> [WHAT YOU ARE ASKED TO DO]:
Transcribe exactly, and without pictures, only the lines from the one bearing "Why is Boo Radley a Mockingbird? essay" through the final line of the data below.
___ RECORDS PROVIDED ___
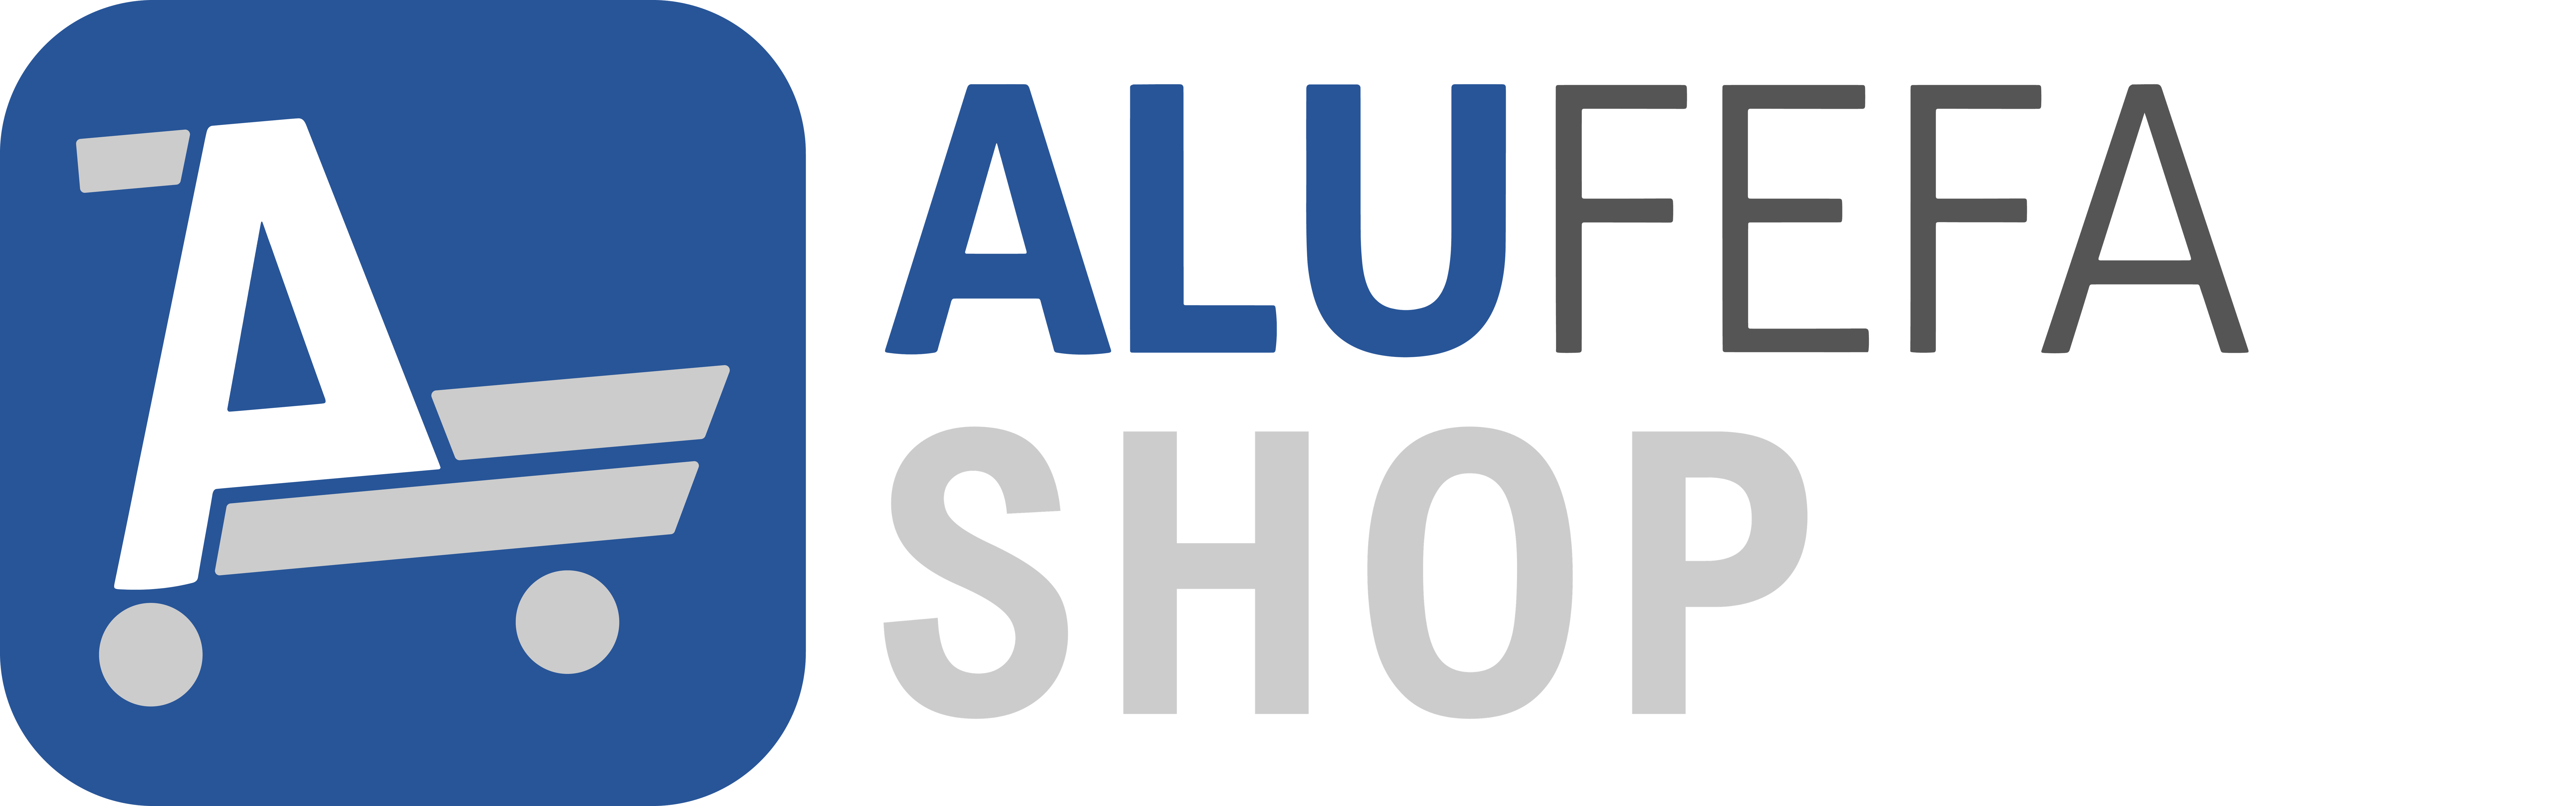 ALUFEFA Shop Logo
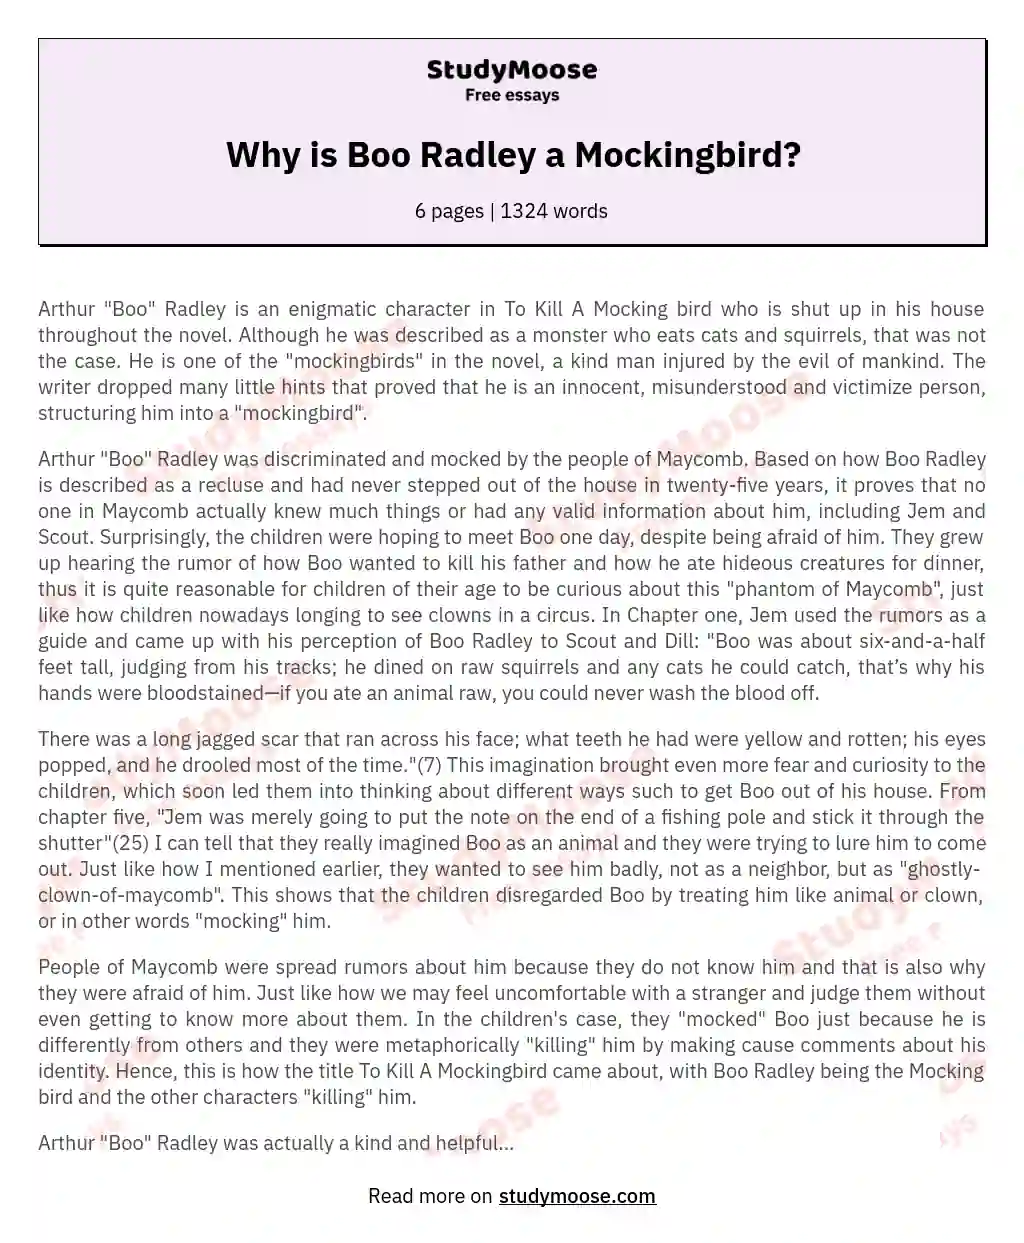 Why is Boo Radley a Mockingbird? essay
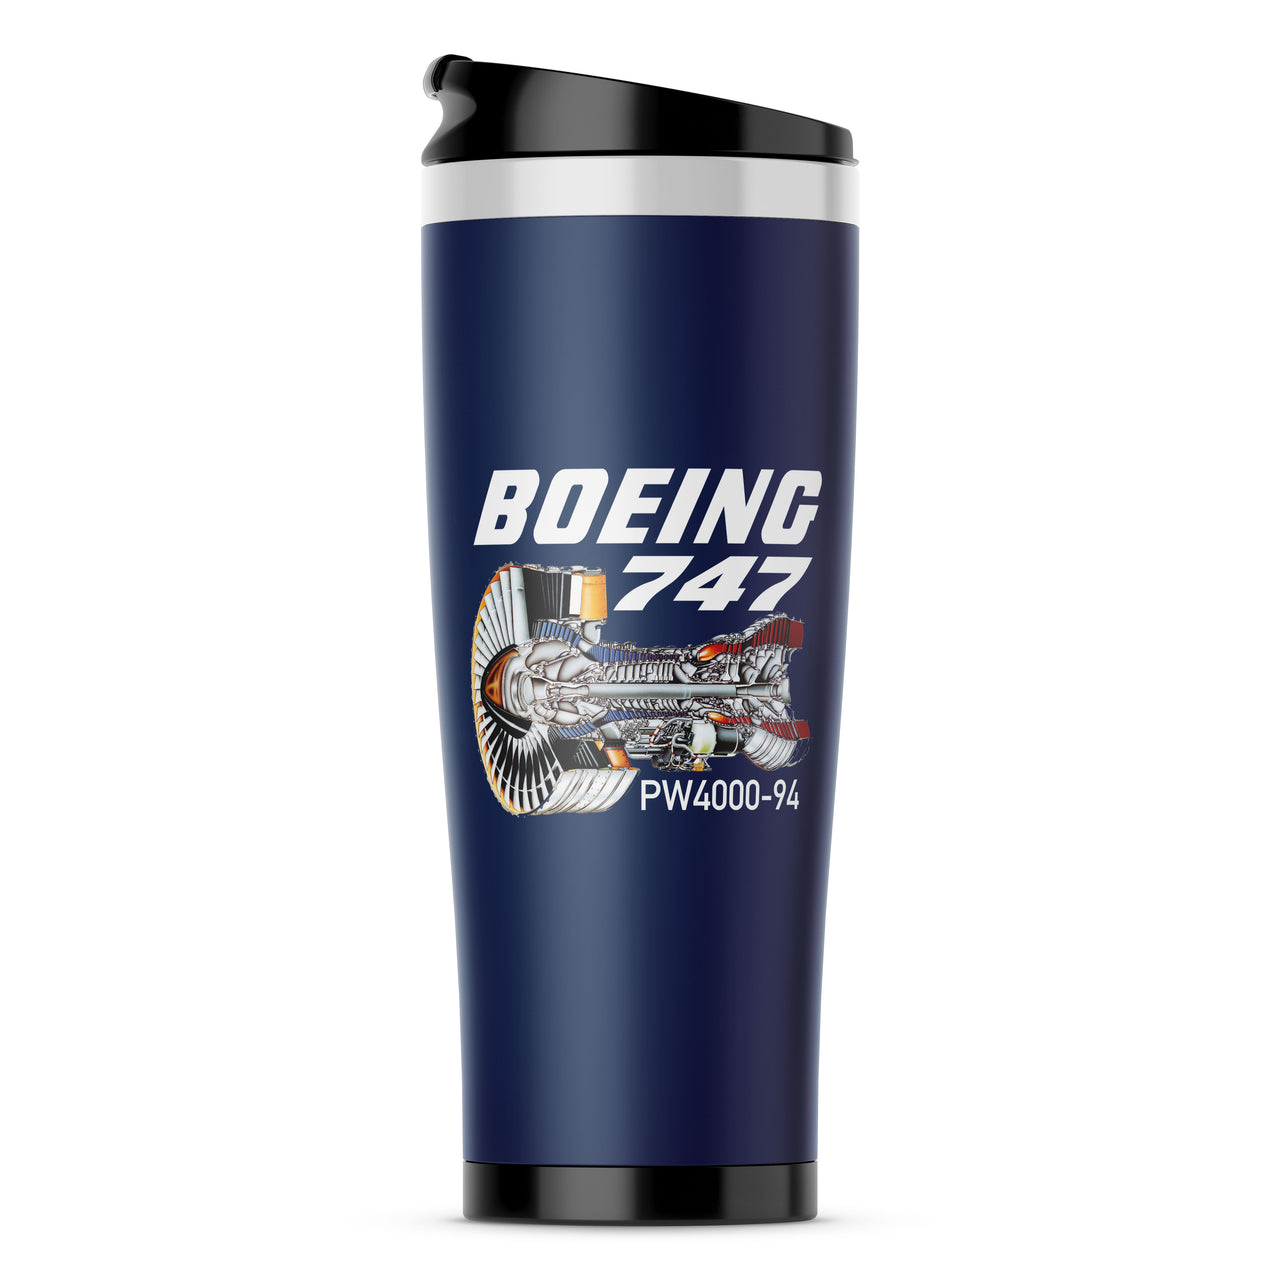 Boeing 747 & PW4000-94 Engine Designed Travel Mugs
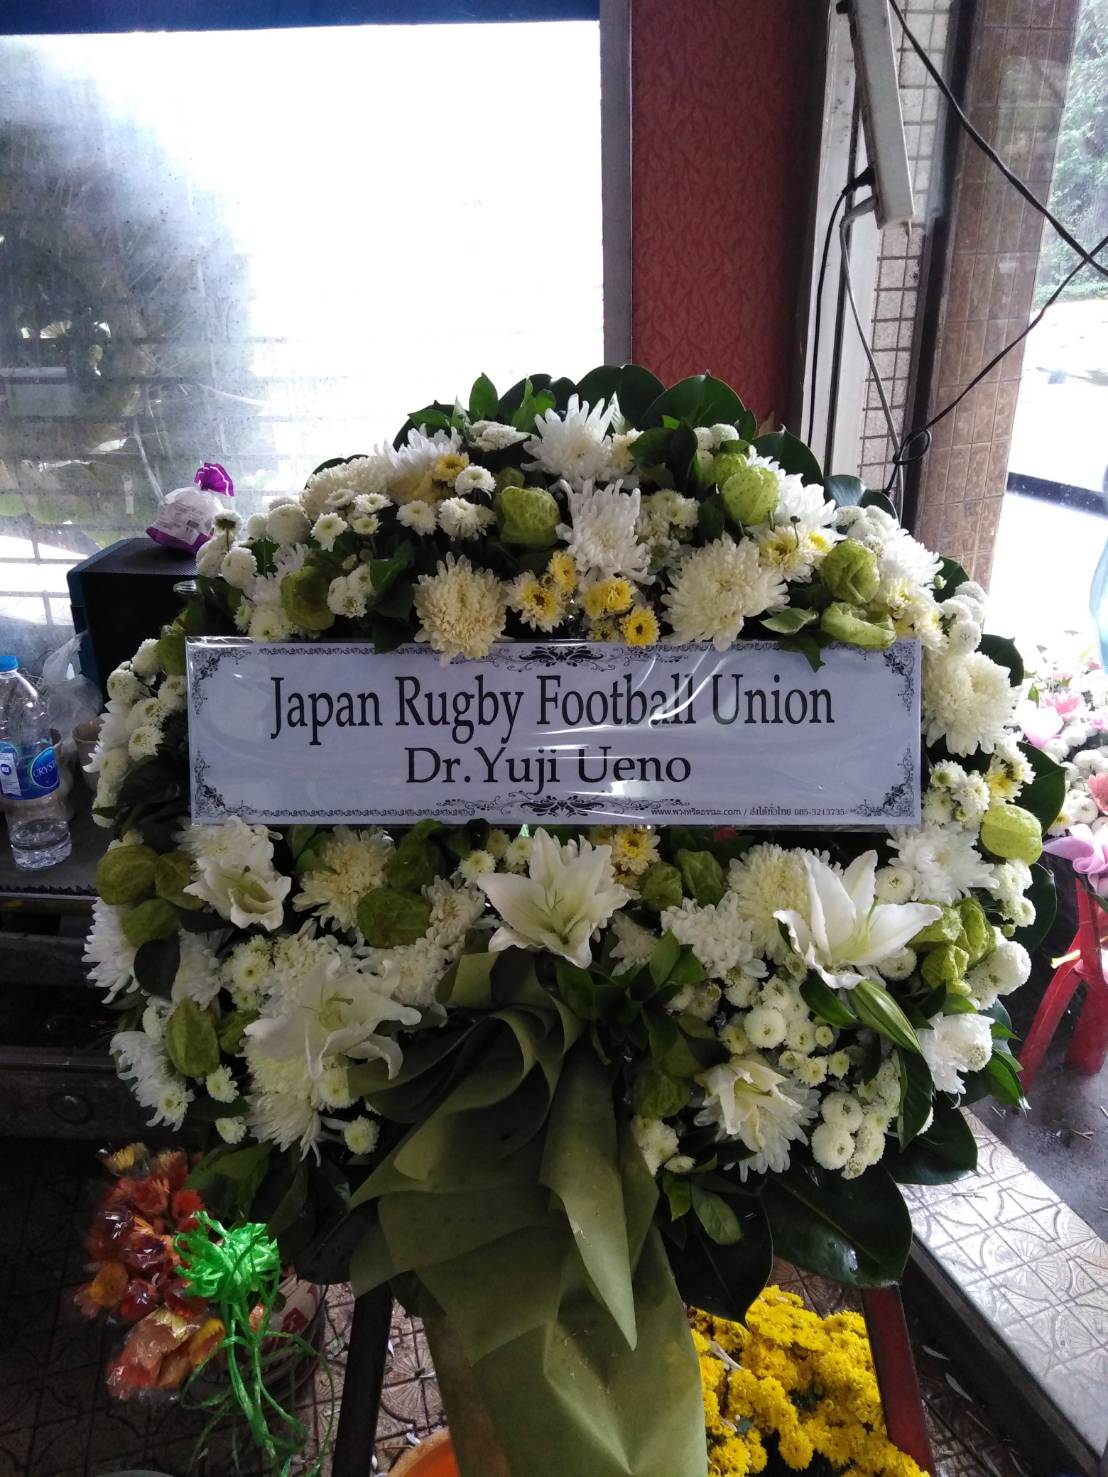 ร้านพวงหรีดวัดมกุฎ พวงหรีดจาก Japan Rugby Football Union
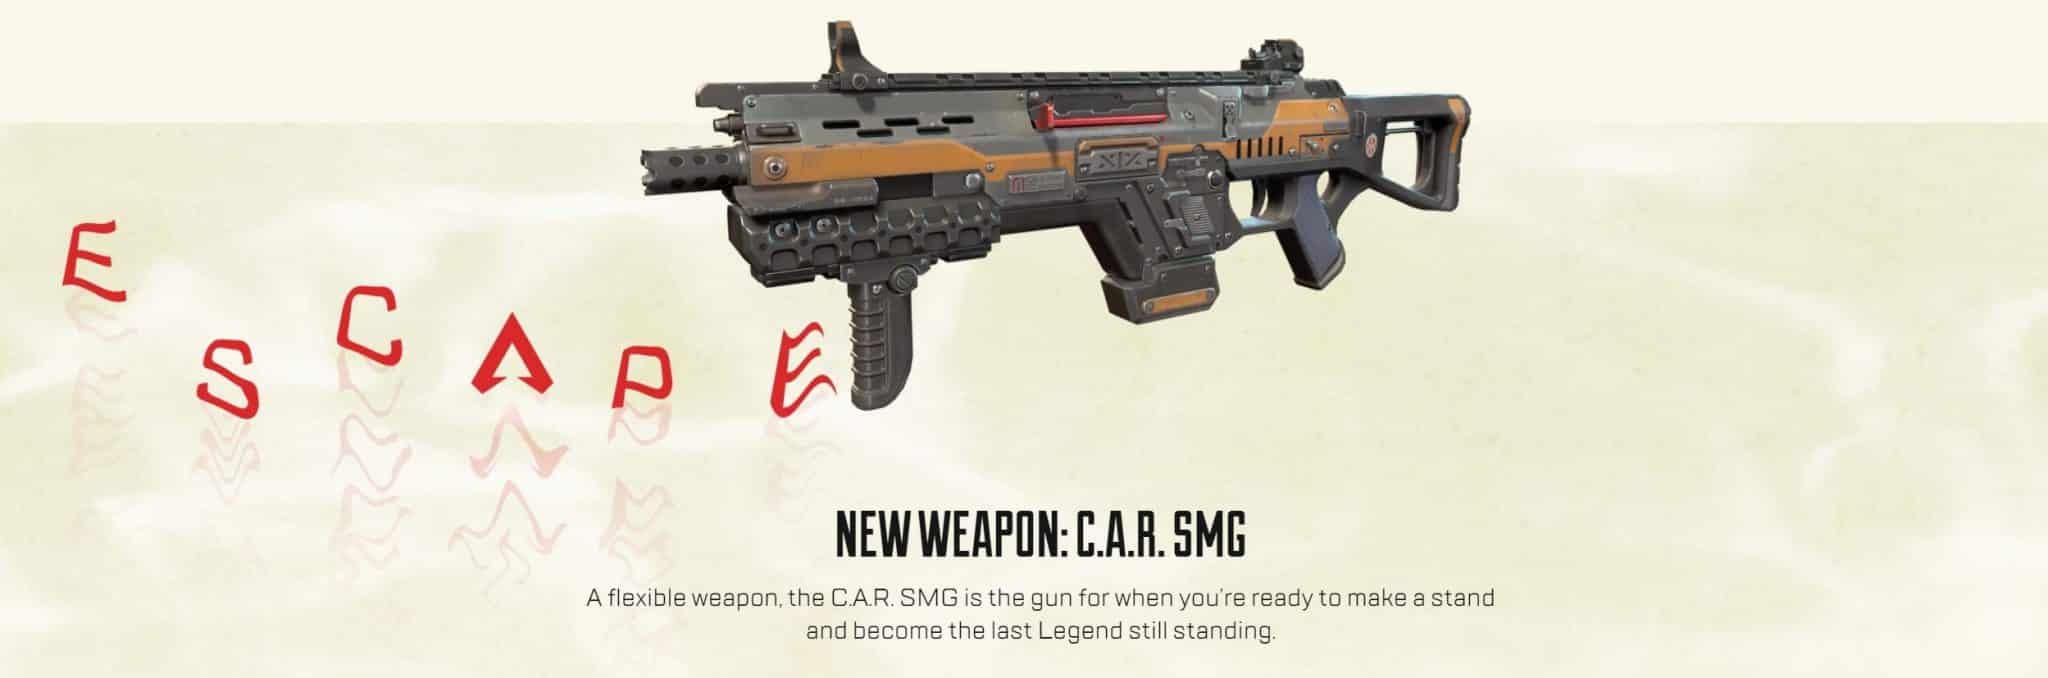 Car smg: nuova arma di apex legends
___
> [SOLUTION FOR THIS TASK]:
 Why is Boo Radley a Mockingbird? essay
 Boeing 747 & PW4000-94 Engine Designed Travel Mugs
 ร้านพวงหรีดวัดมกุฎ พวงหรีดจาก Japan Rugby Football Union
 Car smg: nuova arma di apex legends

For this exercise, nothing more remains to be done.